◆ **Task description**
Your reply must contain the full listing below, reproduced exactly, but no pictures.

━━━ Records for this exercise ━━━

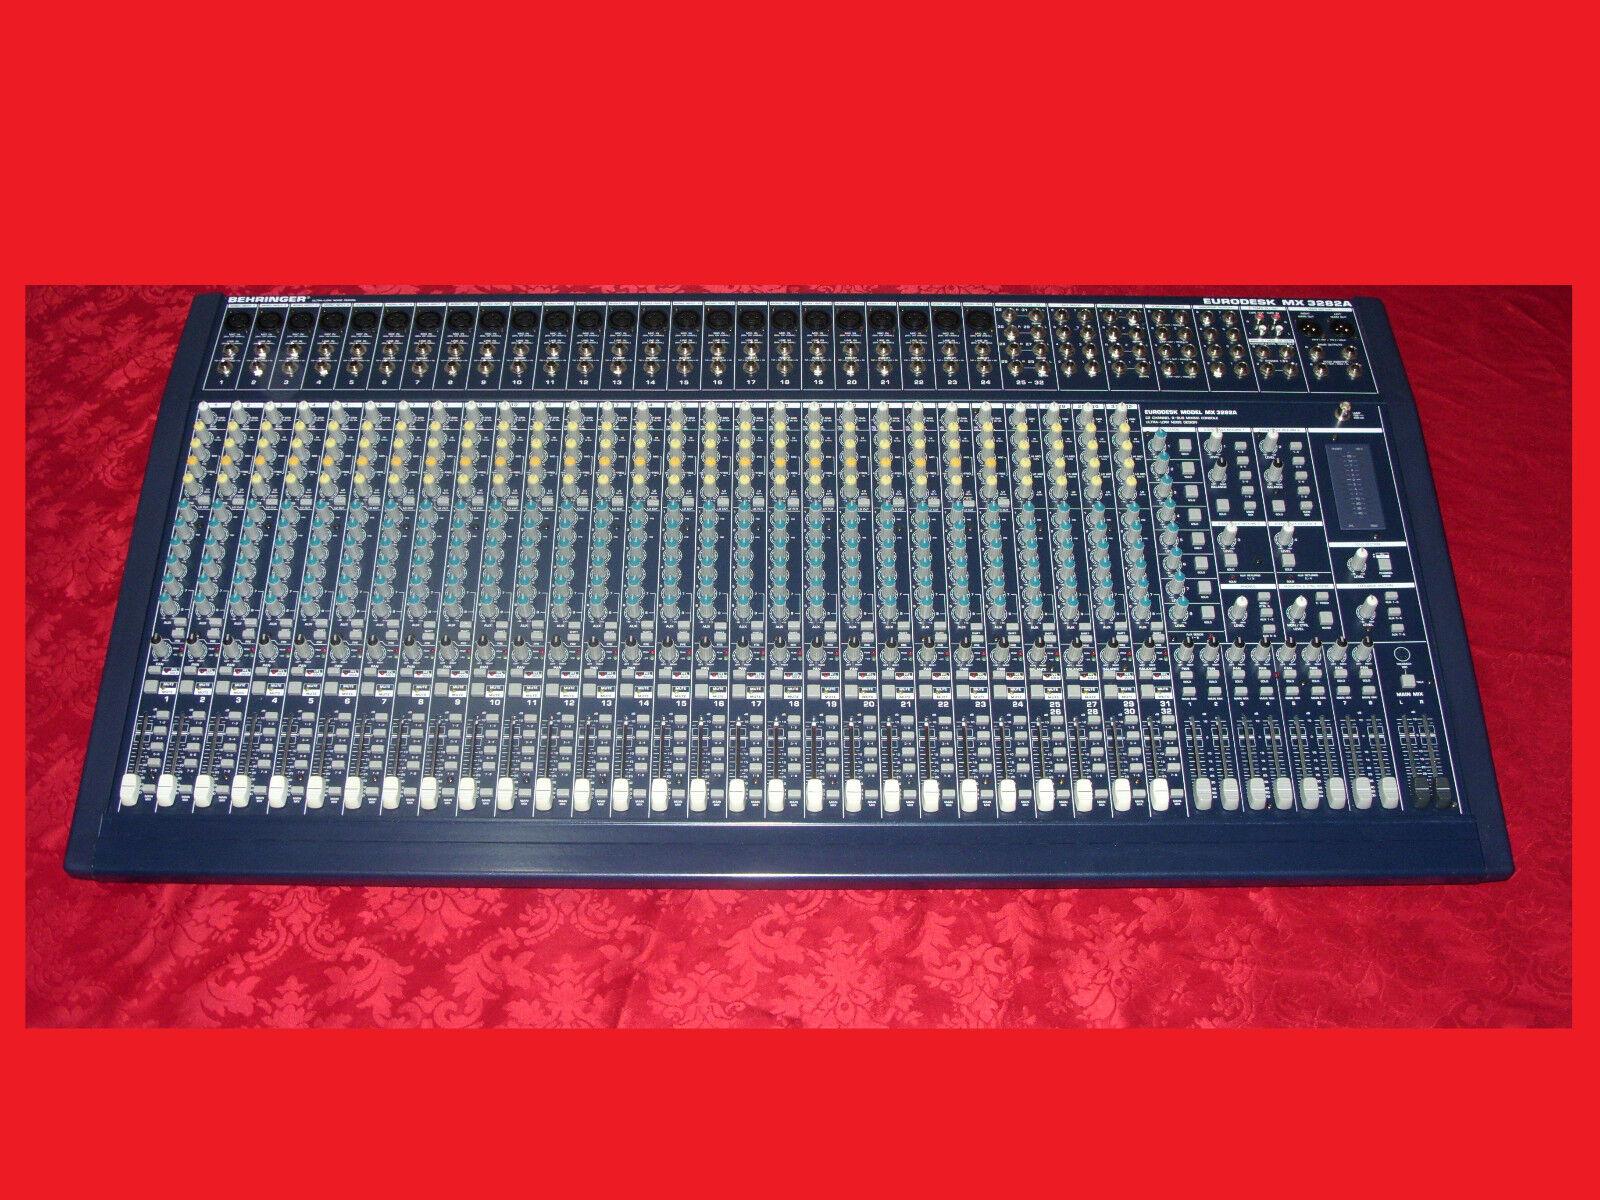 Behringer Eurodesk MX 3282 A Neuwertig
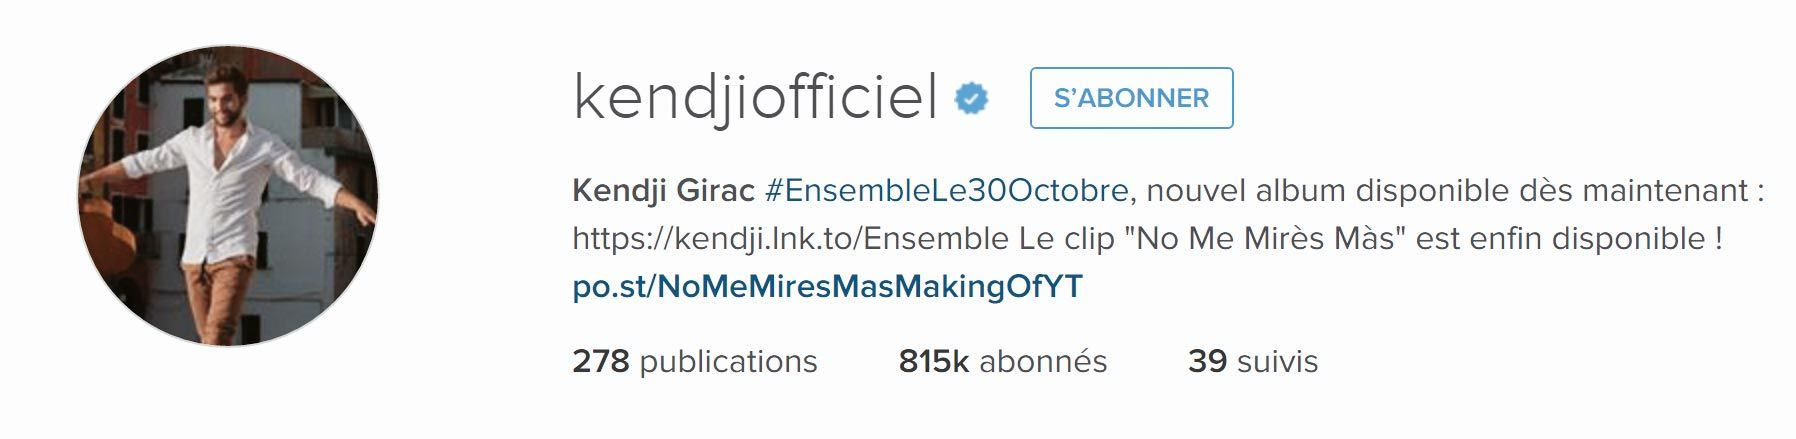 <stamp theme='his-green2'>Doc. 1</stamp> Profil Instagram Kendji Girac
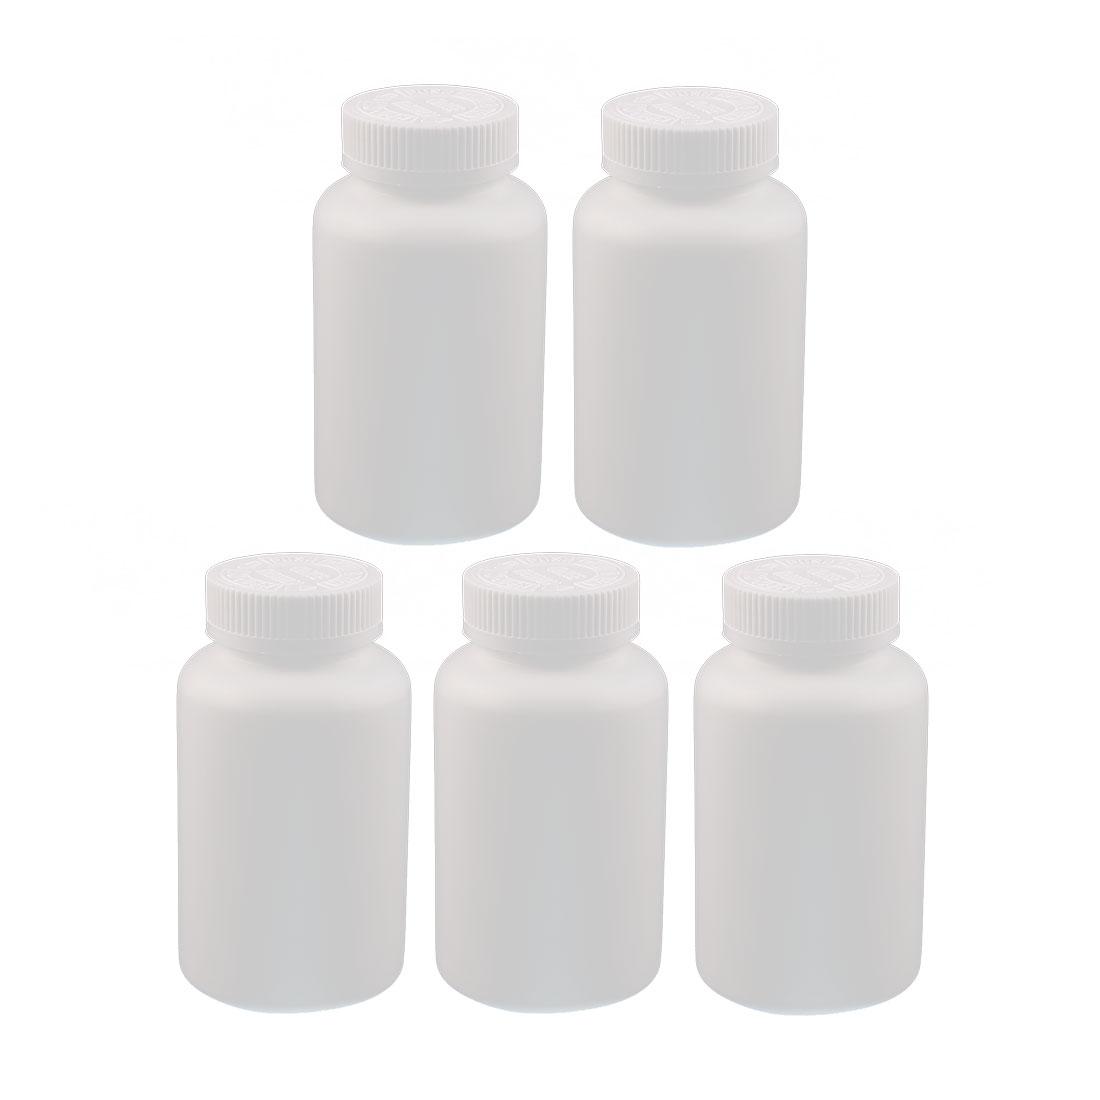 5pcs 300ml High-grade Plastic Bottle Healthy Product Round Bottle White
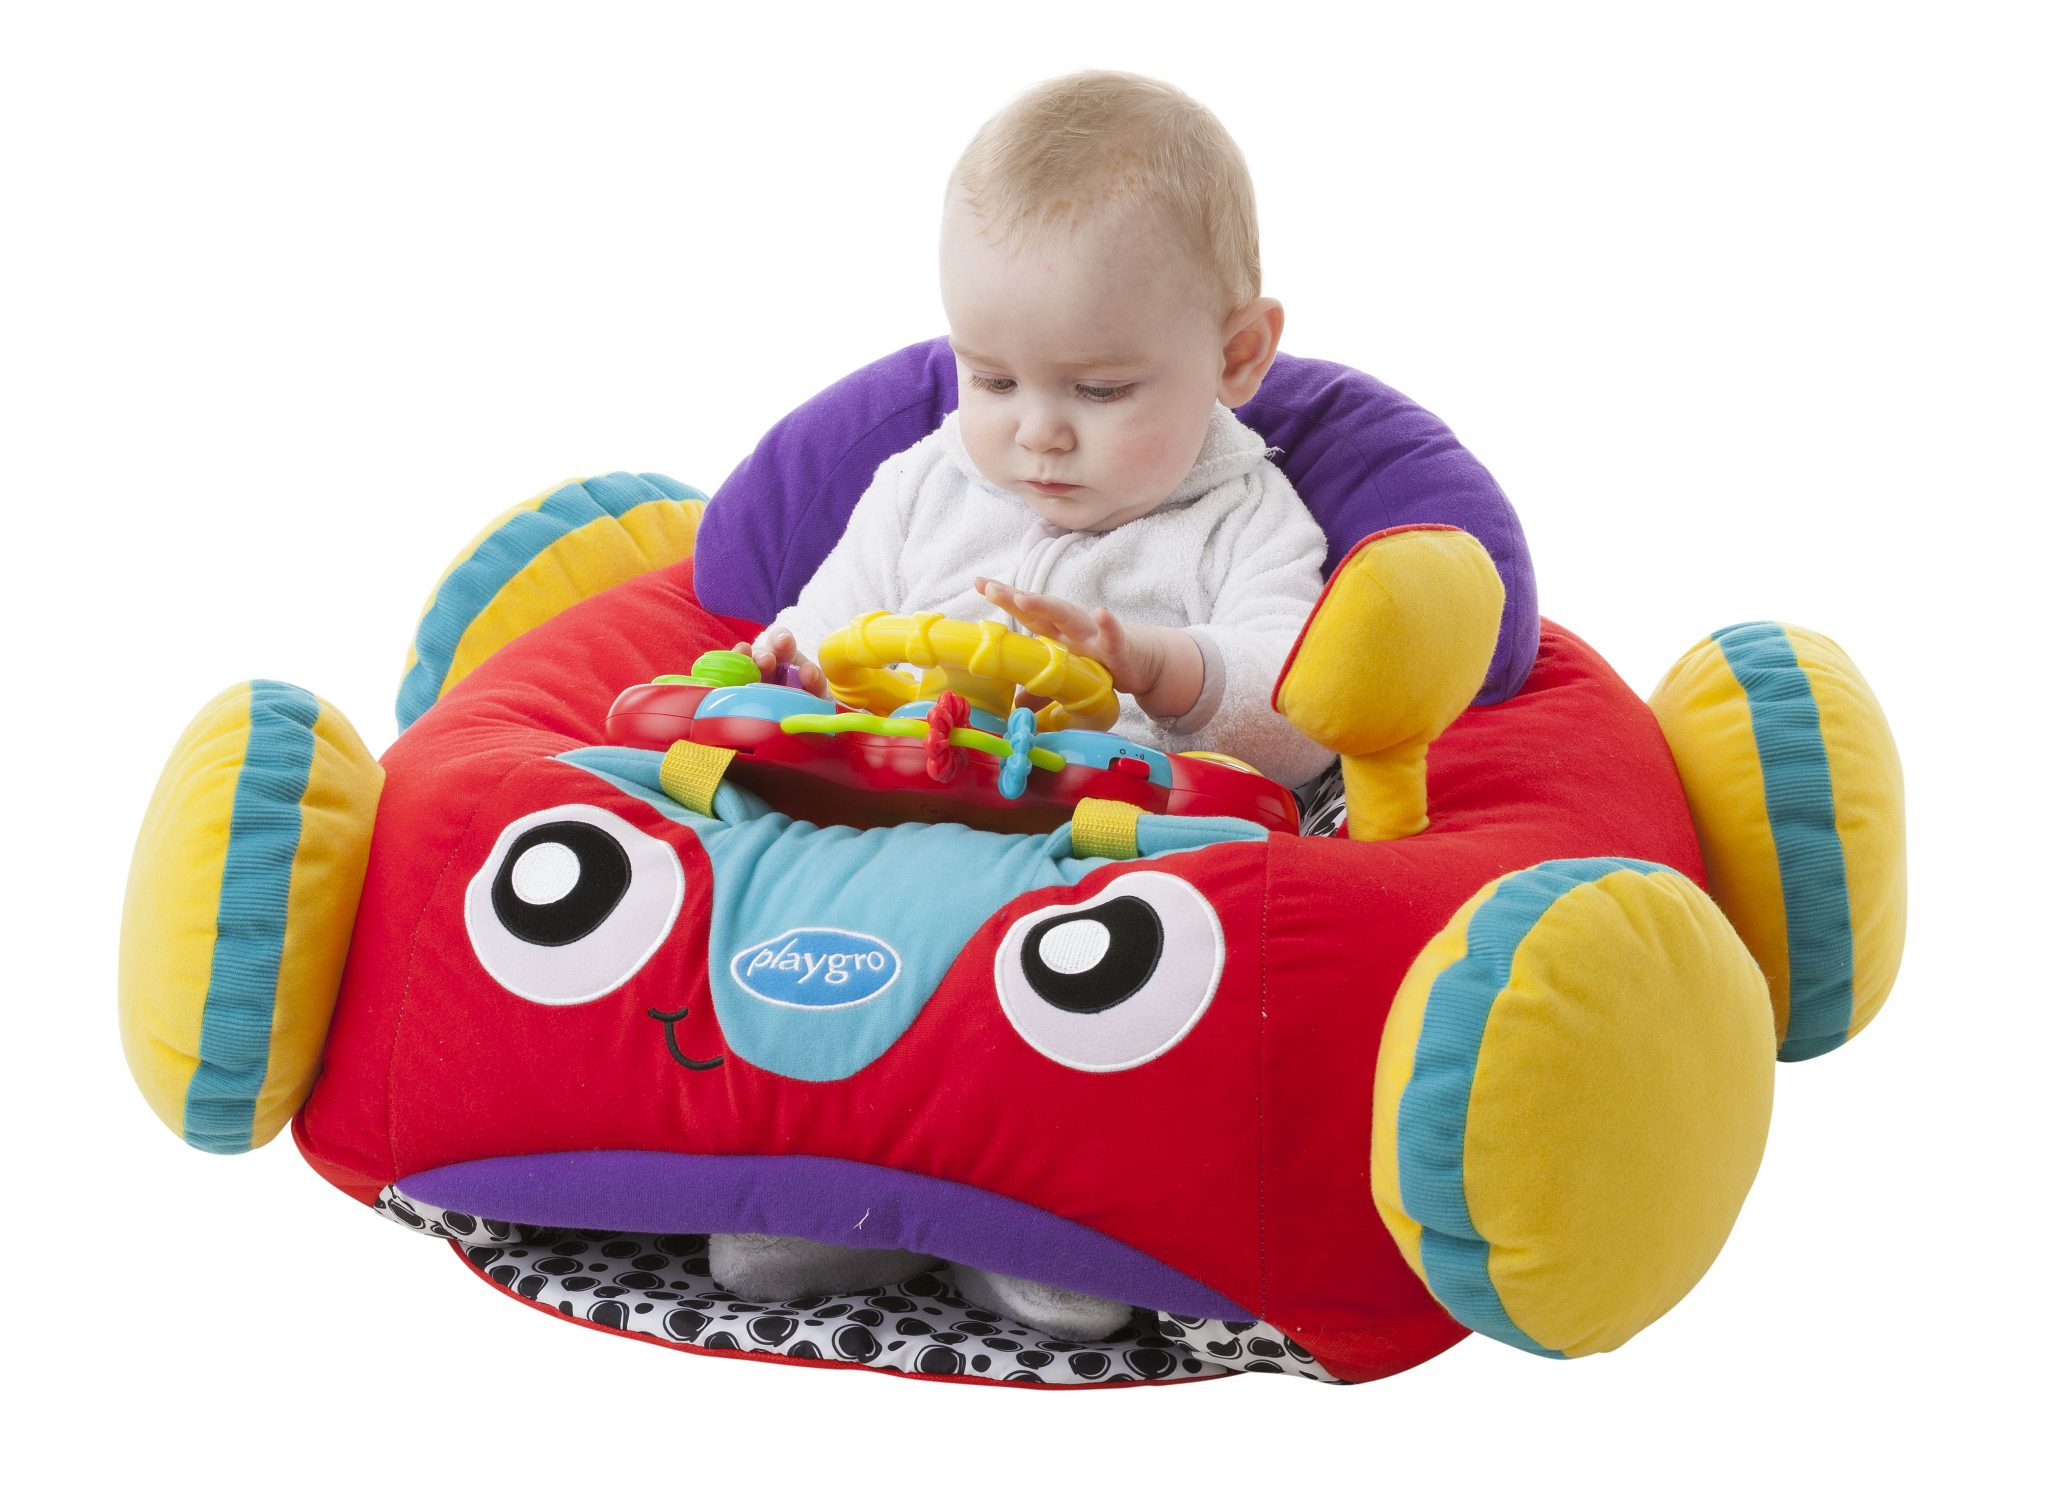 Playgro Music and Lights Comfy Car
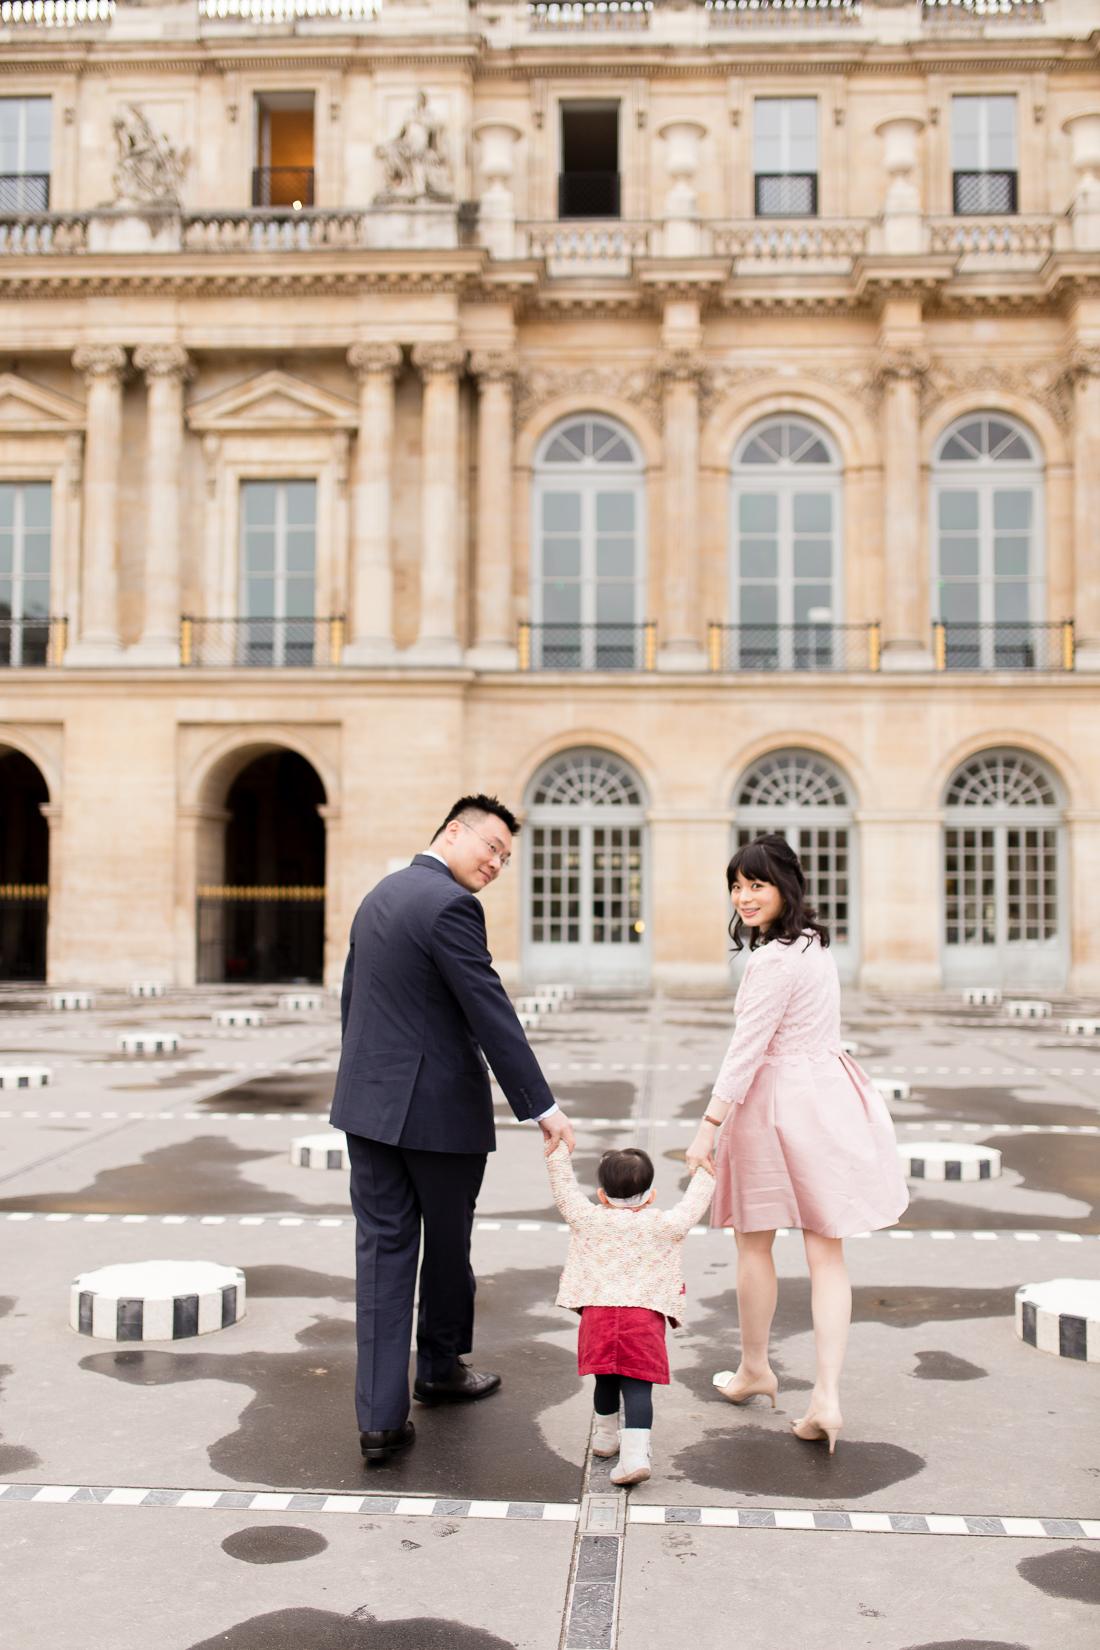 spring-fall-family-maternity-paris-palais-royal-louvre-photo-session-inspiration-2

━━━

◆ **Completed exercise**
 Behringer Eurodesk MX 3282 A Neuwertig
 <stamp theme='his-green2'>Doc. 1</stamp> Profil Instagram Kendji Girac
 5pcs 300ml High-grade Plastic Bottle Healthy Product Round Bottle White
 Playgro Music and Lights Comfy Car
 spring-fall-family-maternity-paris-palais-royal-louvre-photo-session-inspiration-2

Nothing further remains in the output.